Barrel Arch Bridge – Lorton, Virginia - Atlas Obscura

Barrel Arch Bridge

This unique structure is the only one of its kind in Virginia. 


This bridge was built in 1946 by imprisoned laborers from the nearby Lorton Workhouse using bricks made in their brickyard. It is the only structure of its kind in the state of Virginia.

Known as voussoir arch bridges (so named for the wedge-shaped or tapered stones used to construct arches) or barrel arch bridges (due to the resemblance to the inside of a wooden barrel), this complex building style is among the strongest and most durable forms. (One of the oldest examples is the Caravan Bridge, which spans the Meles River in Turkey, and dates back to 850 B.C. It is one of the oldest human-made structures in continuous use.)

The Barrel Arch Bridge in Lorton is 23 feet wide and produces an interesting echo effect for those traveling underneath it.
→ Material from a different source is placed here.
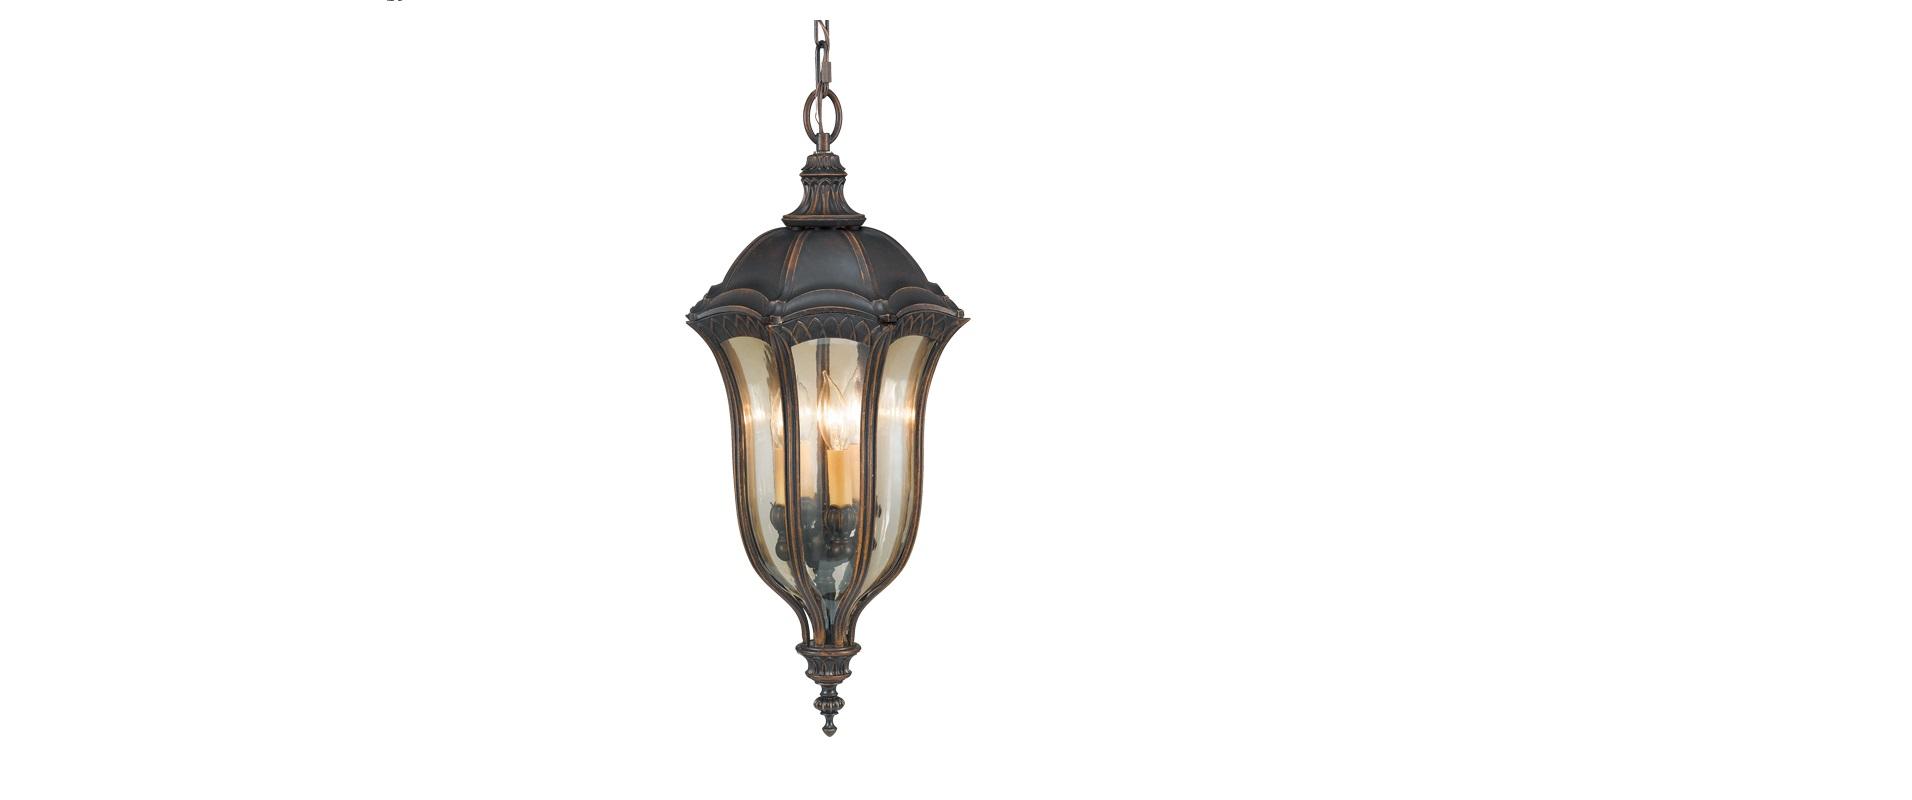 Подвесной фонарь FeissУличные подвесные и потолочные светильники<br>Цоколь: E14.&amp;lt;div&amp;gt;Мощность: 60W.&amp;amp;nbsp;&amp;lt;/div&amp;gt;&amp;lt;div&amp;gt;Количество ламп: 4.&amp;lt;/div&amp;gt;&amp;lt;div&amp;gt;Цвет: орех.&amp;lt;/div&amp;gt;<br><br>Material: Металл<br>Ширина см: 33<br>Высота см: 71

The bridge originally crossed a spur of the Lorton & Occoquan Railroad, but the passage is now a recreational trail, and atop the bridge is another trail that runs between historic Barrett House and Central Green at Laurel Hill Park.

Know Before You Go

The "shortcut" from the top of the bridge to the bottom is a rather steep grade. A nearby trail makes for a slightly longer but decidedly safer descent to the walking trail below.